WHAT IS EXPECTED » Give the listing again in full and exactly, apart from its pictures.

START SUPPLIED DATA

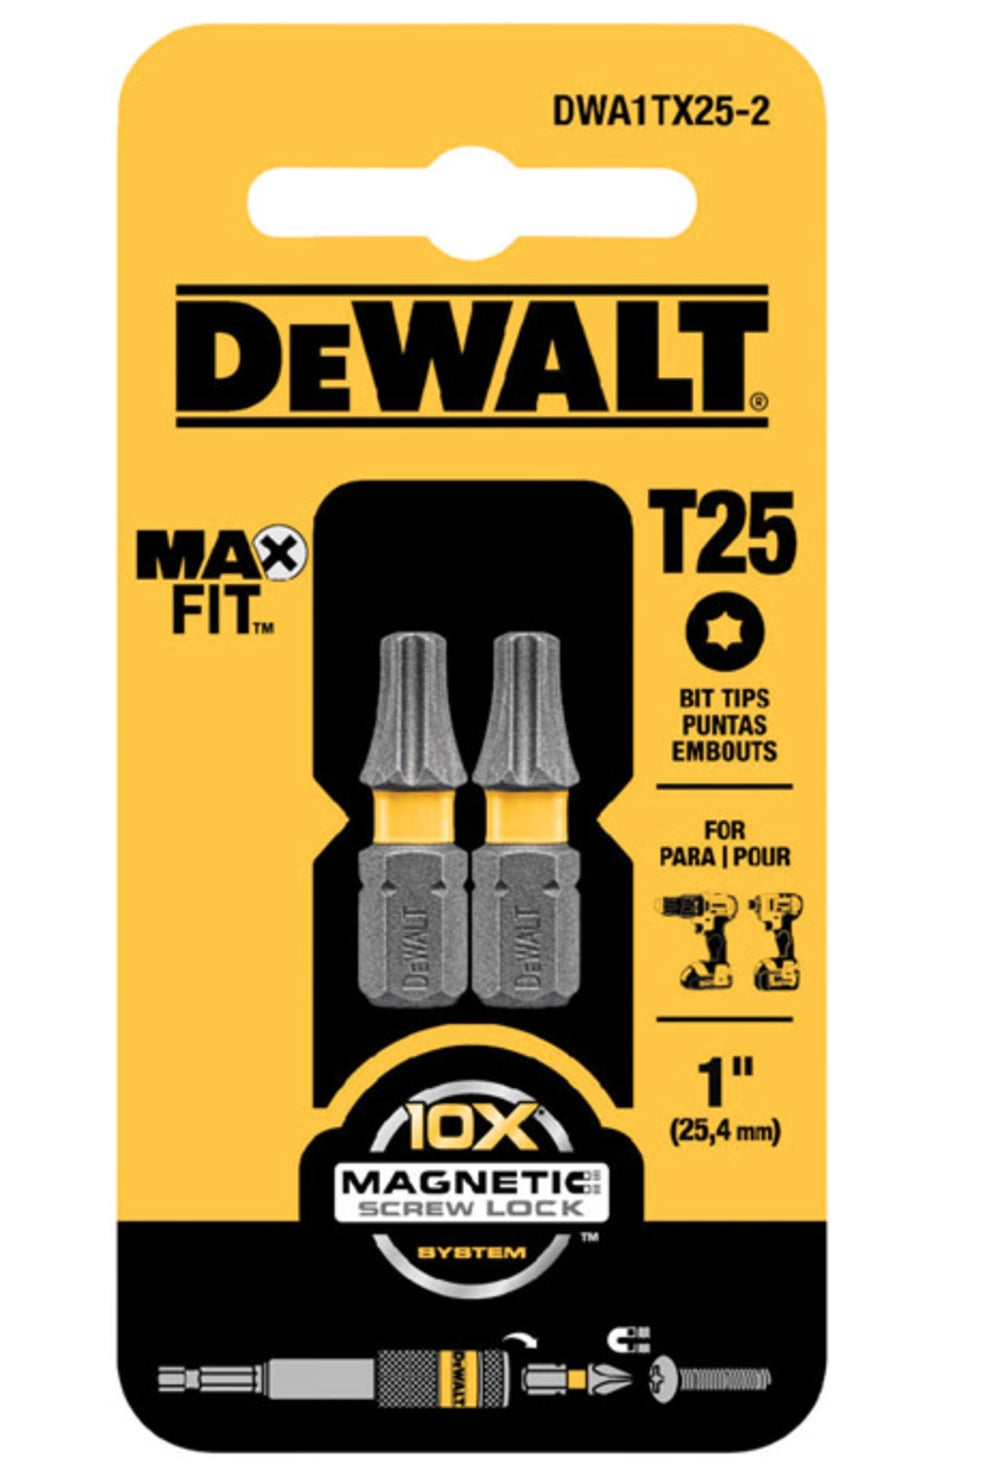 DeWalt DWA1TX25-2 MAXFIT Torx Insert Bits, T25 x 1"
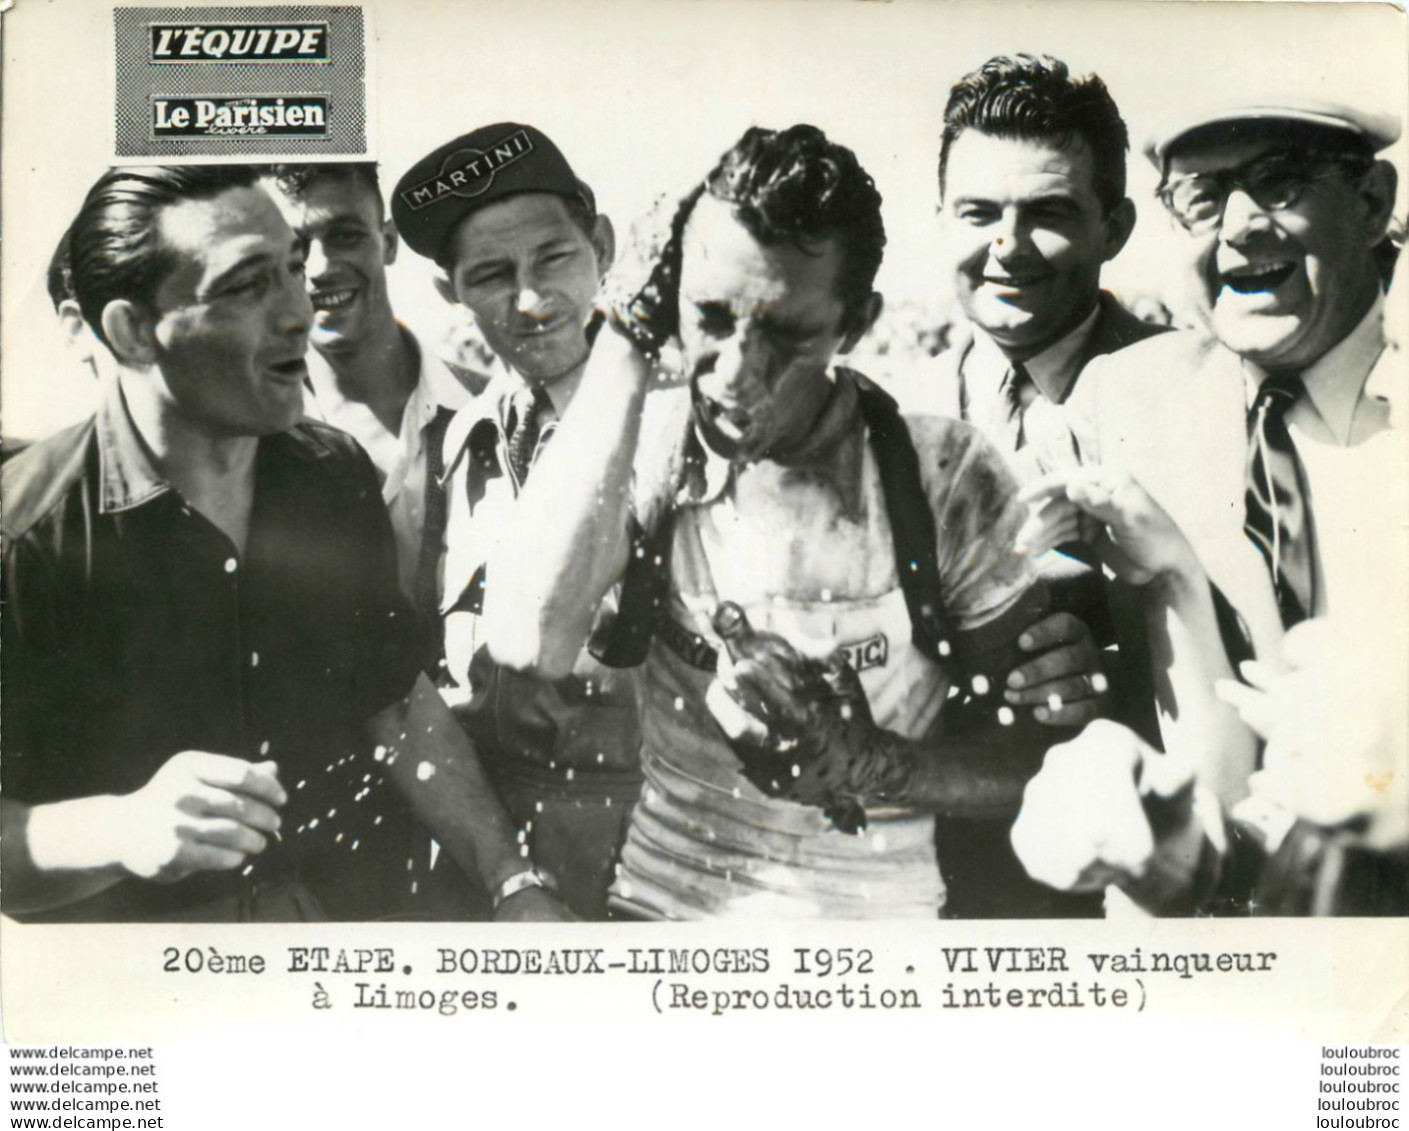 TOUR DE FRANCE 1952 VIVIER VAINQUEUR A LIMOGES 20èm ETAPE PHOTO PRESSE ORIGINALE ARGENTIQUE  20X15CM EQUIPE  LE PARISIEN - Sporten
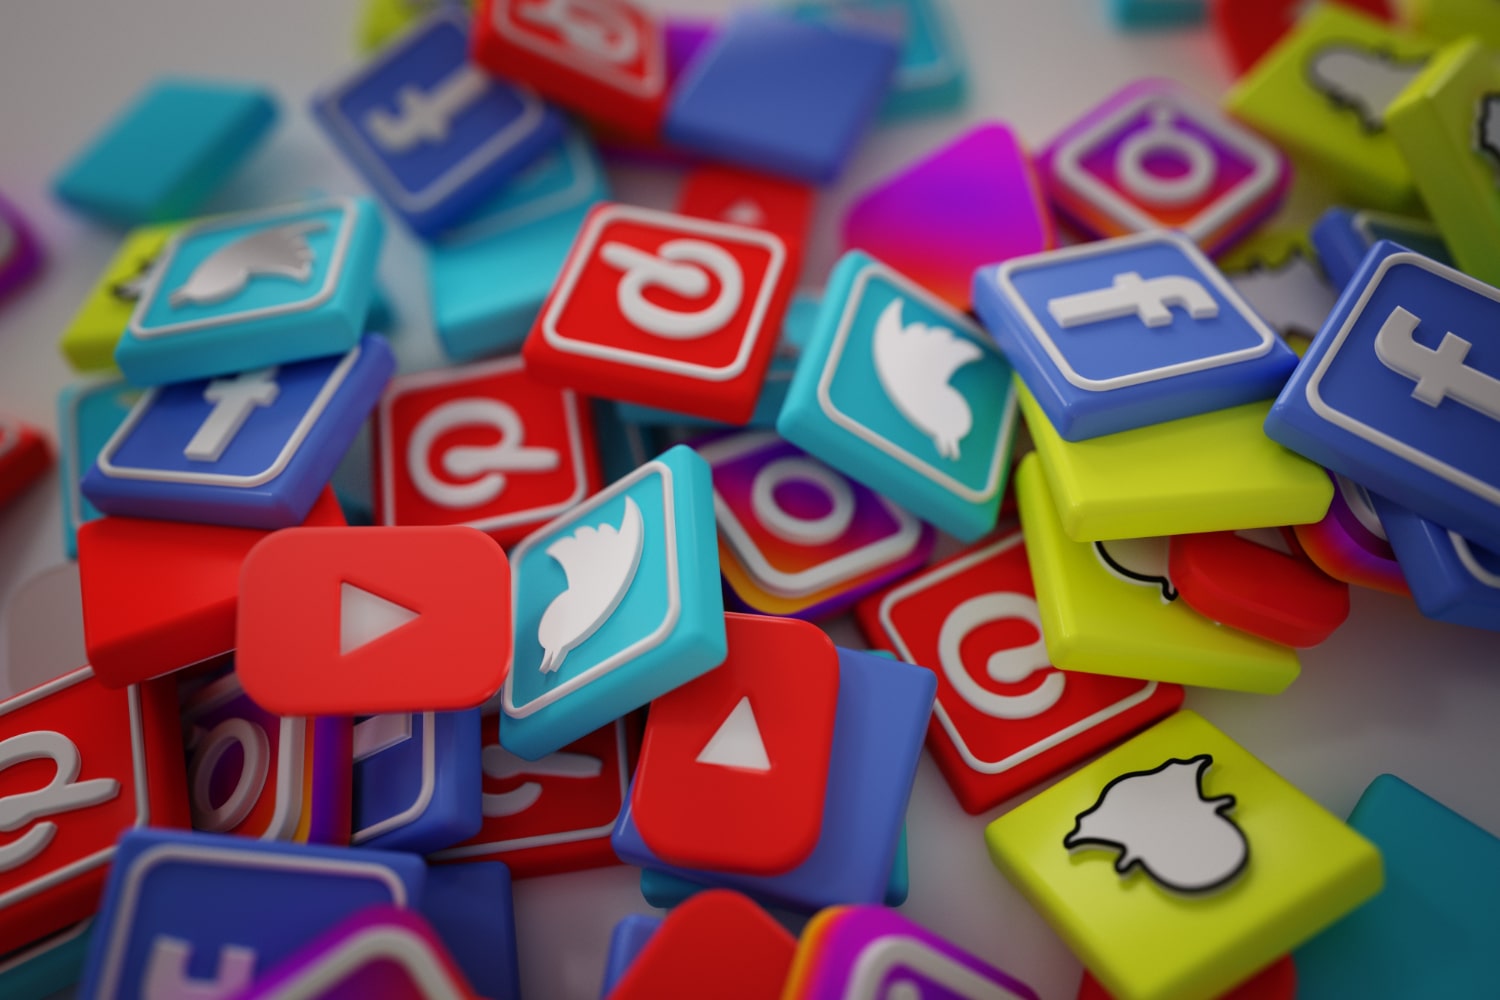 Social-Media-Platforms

END SUPPLIED DATA

ANSWER TO THE EXERCISE »
 DeWalt DWA1TX25-2 MAXFIT Torx Insert Bits, T25 x 1"
 TOUR DE FRANCE 1952 VIVIER VAINQUEUR A LIMOGES 20èm ETAPE PHOTO PRESSE ORIGINALE ARGENTIQUE  20X15CM EQUIPE  LE PARISIEN - Sporten
 Social-Media-Platforms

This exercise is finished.